:: DATA SHOWN

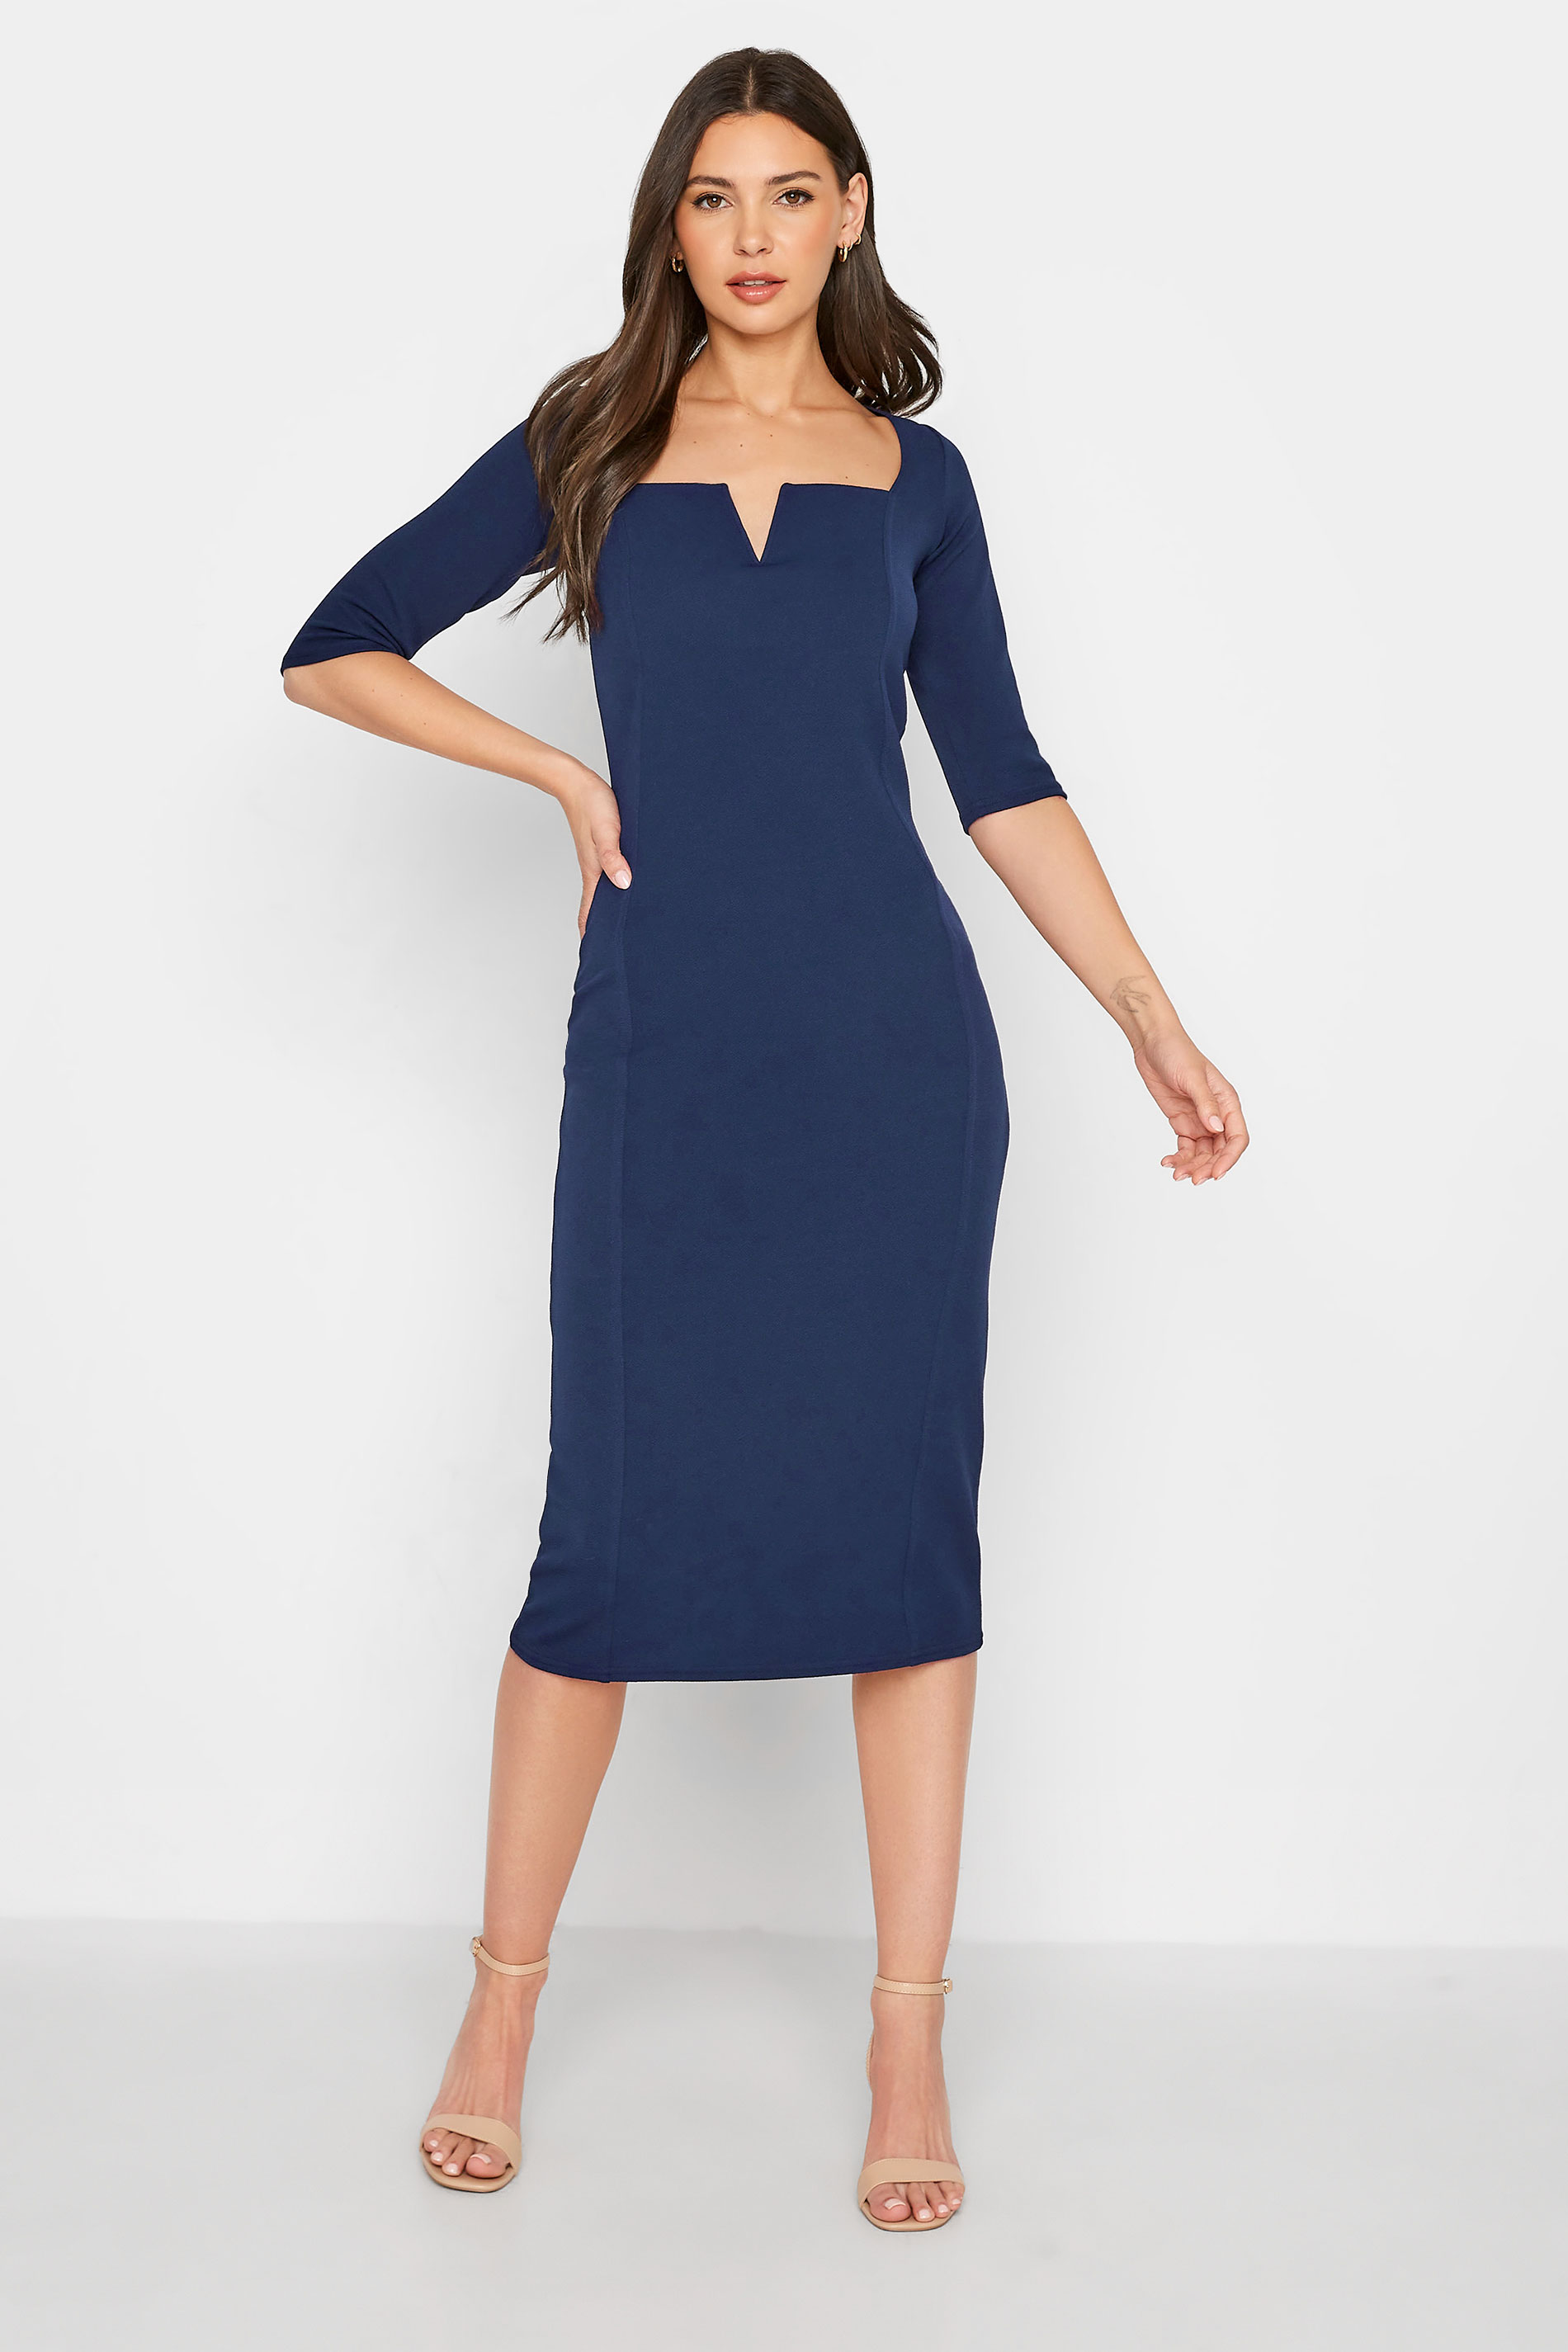 Tall Women's LTS Navy Blue Notch Neck Midi Dress | Long Tall Sally 1
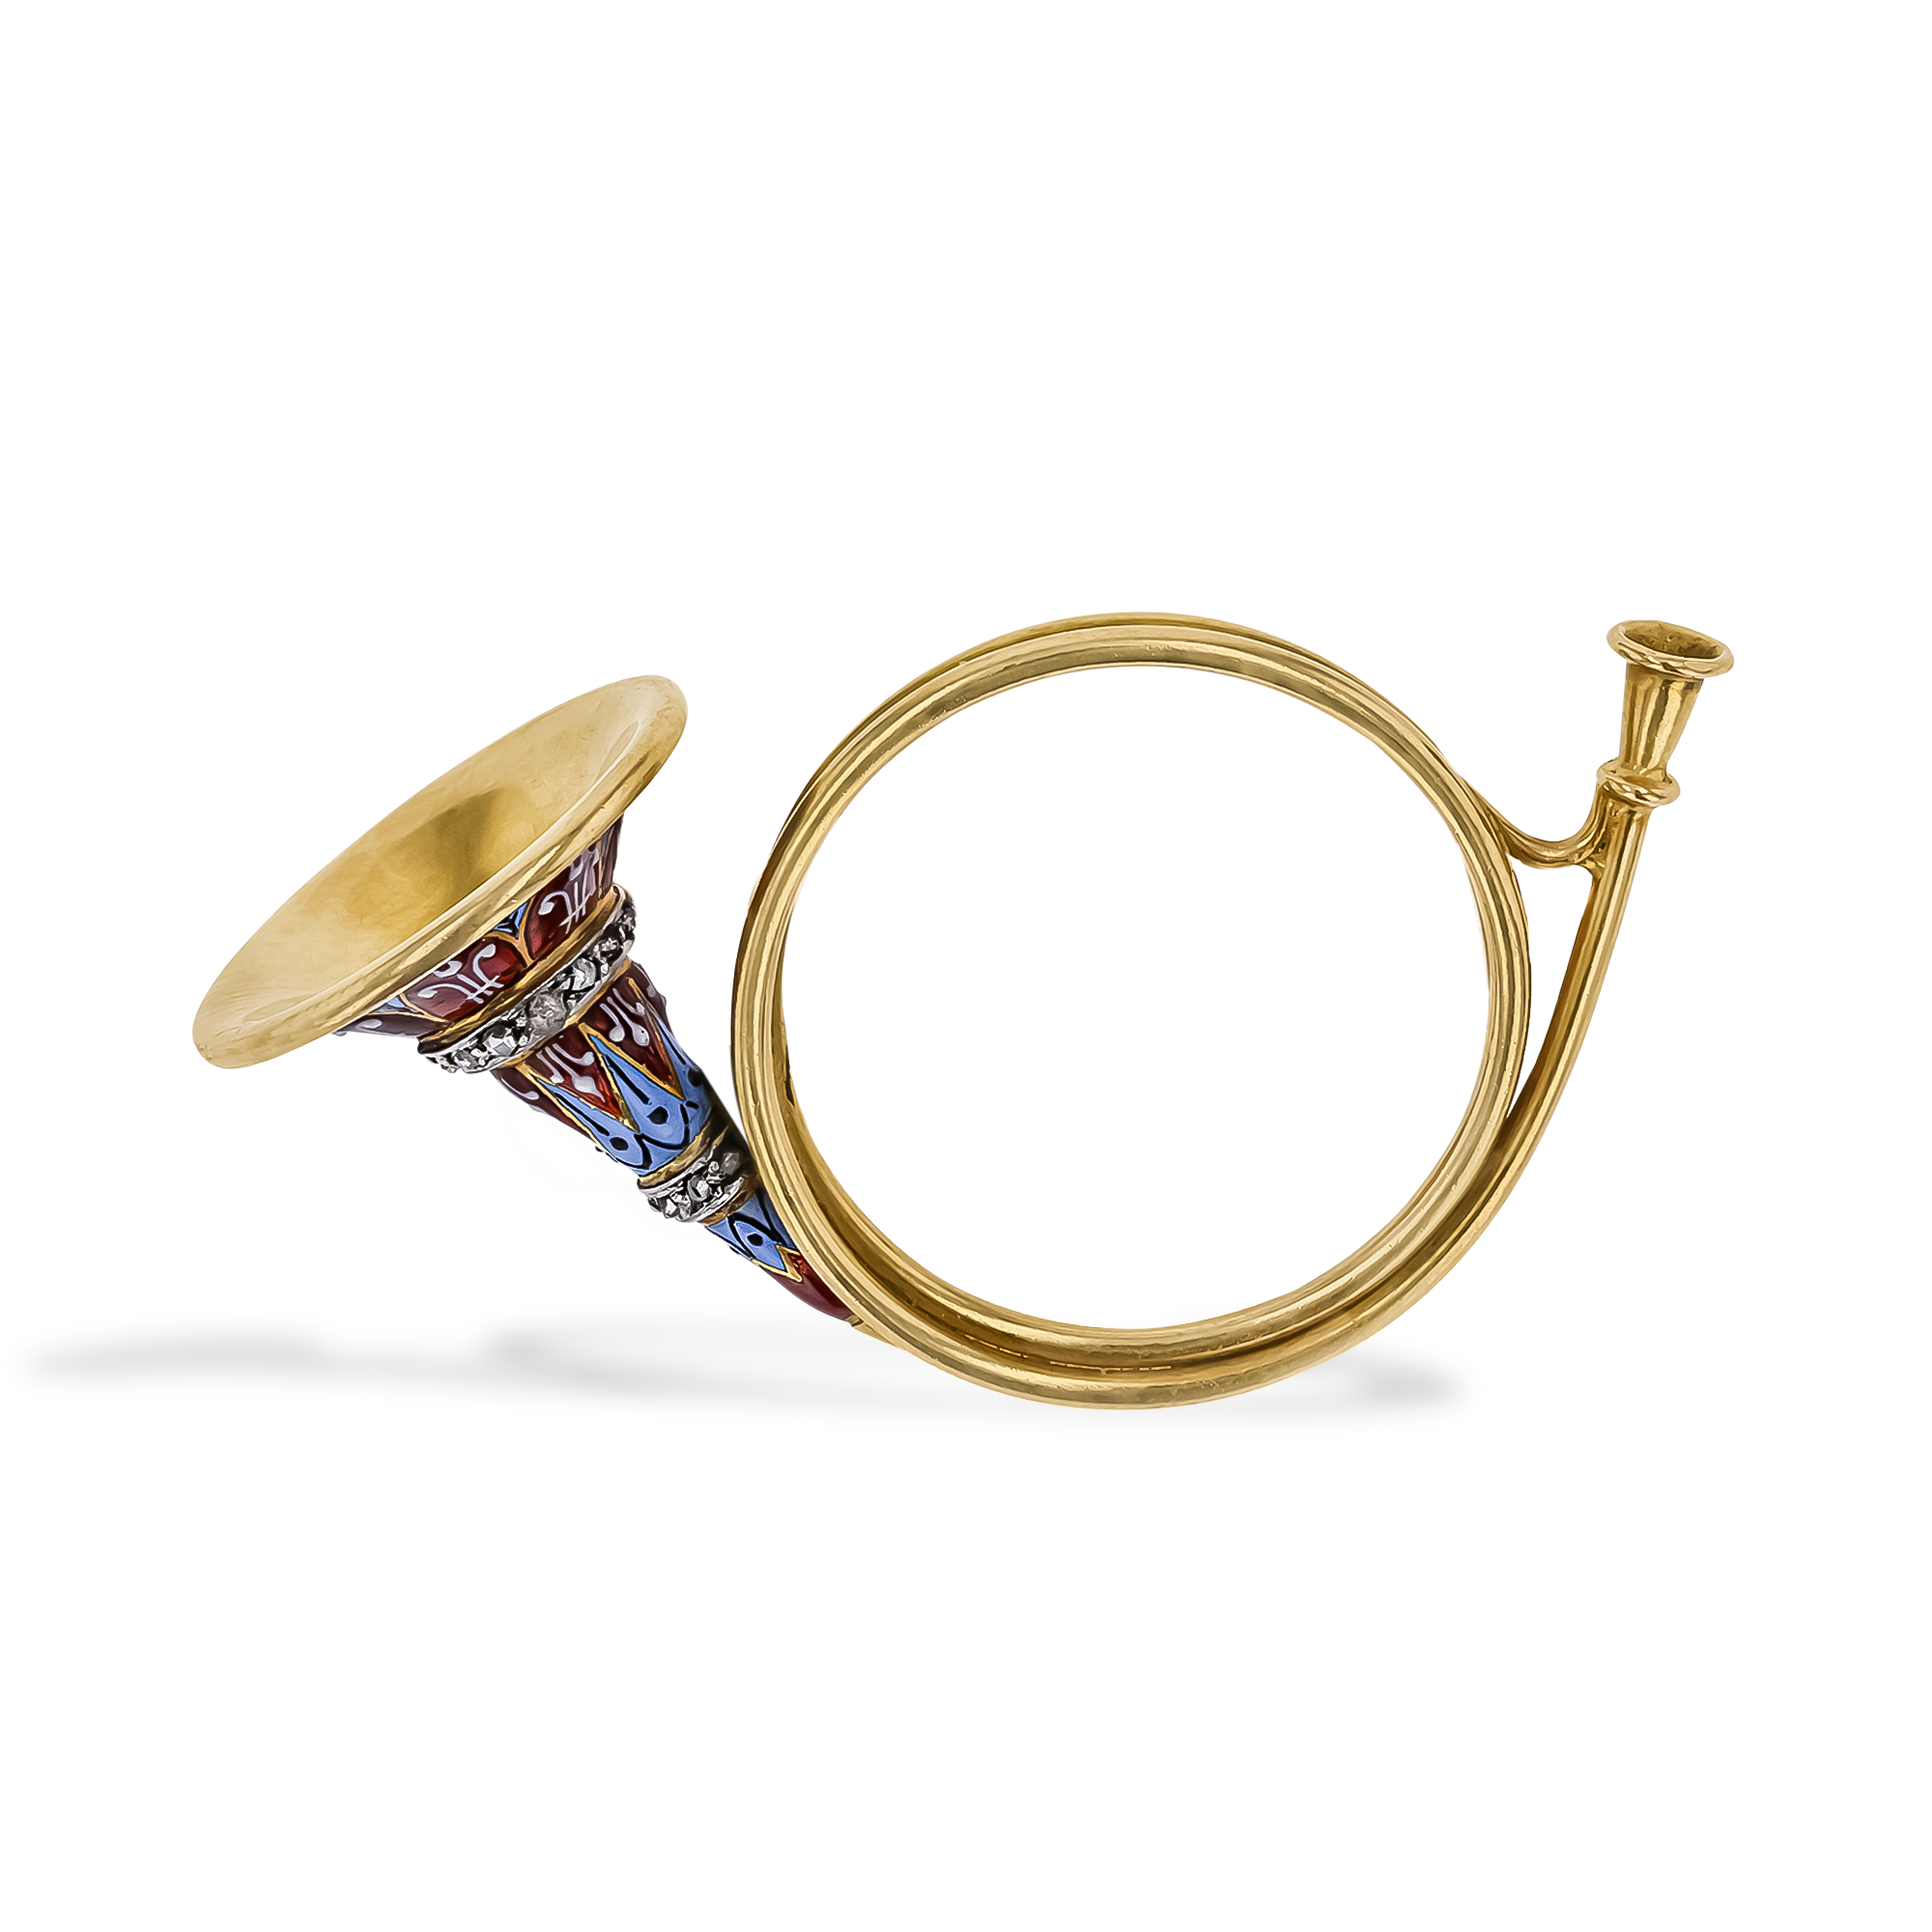 Late 19th-Century European Enamel & Diamond Hunting Horn Brooch Old Cut, Grain Set_1
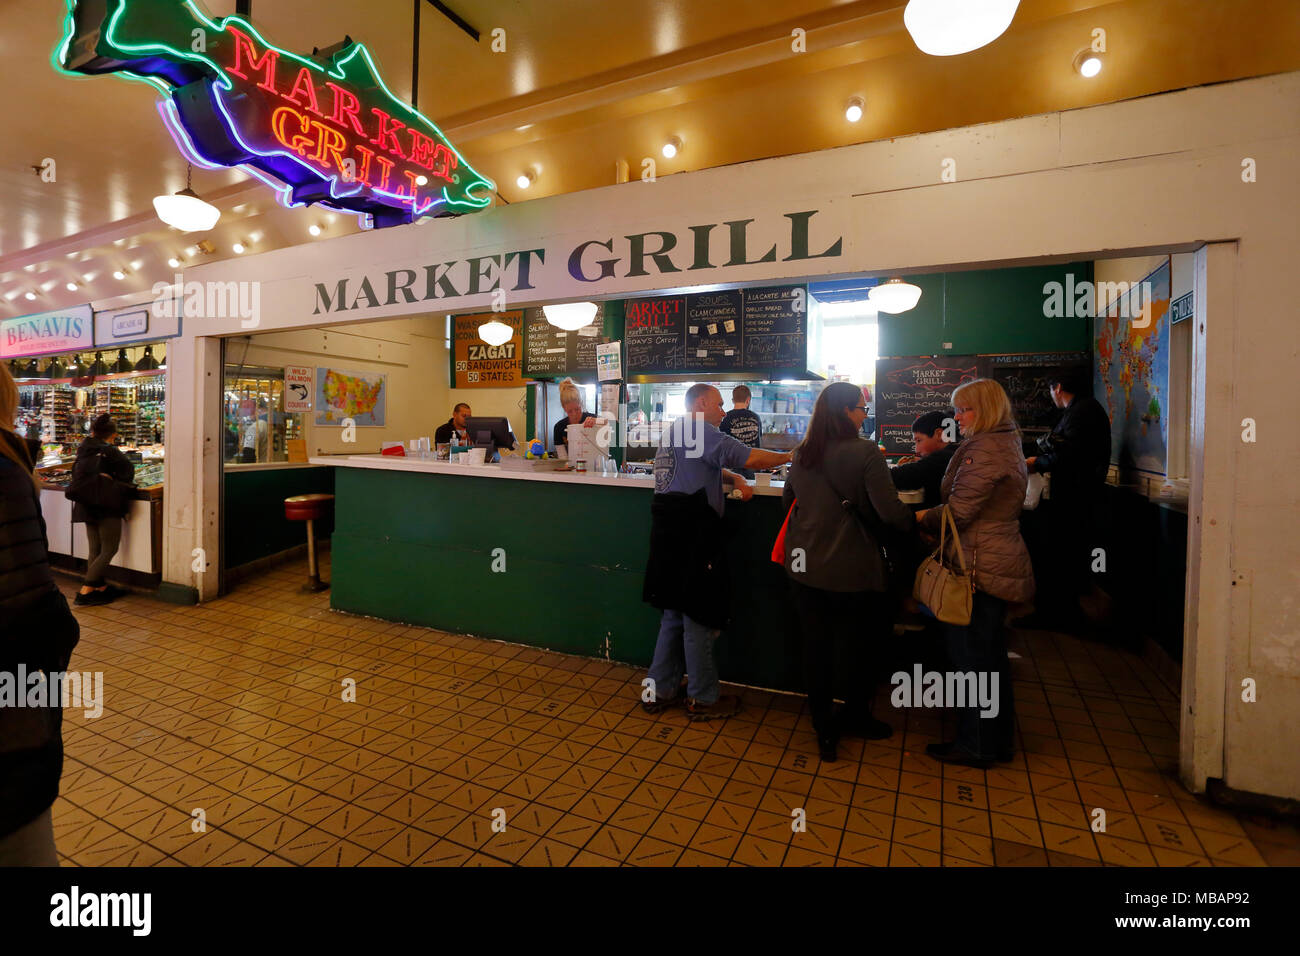 Market Grill in Pike Place Market, Seattle, Washington. interior. Stock Photo

::::

_WHAT THIS TASK INVOLVES:_
Reproduce the material word for word, minus the images.

_ANSWER SPACE:_
 Tall Women's LTS Navy Blue Notch Neck Midi Dress | Long Tall Sally 1
 Late 19th-Century European Enamel & Diamond Hunting Horn Brooch Old Cut, Grain Set_1
 Market Grill in Pike Place Market, Seattle, Washington. interior. Stock Photo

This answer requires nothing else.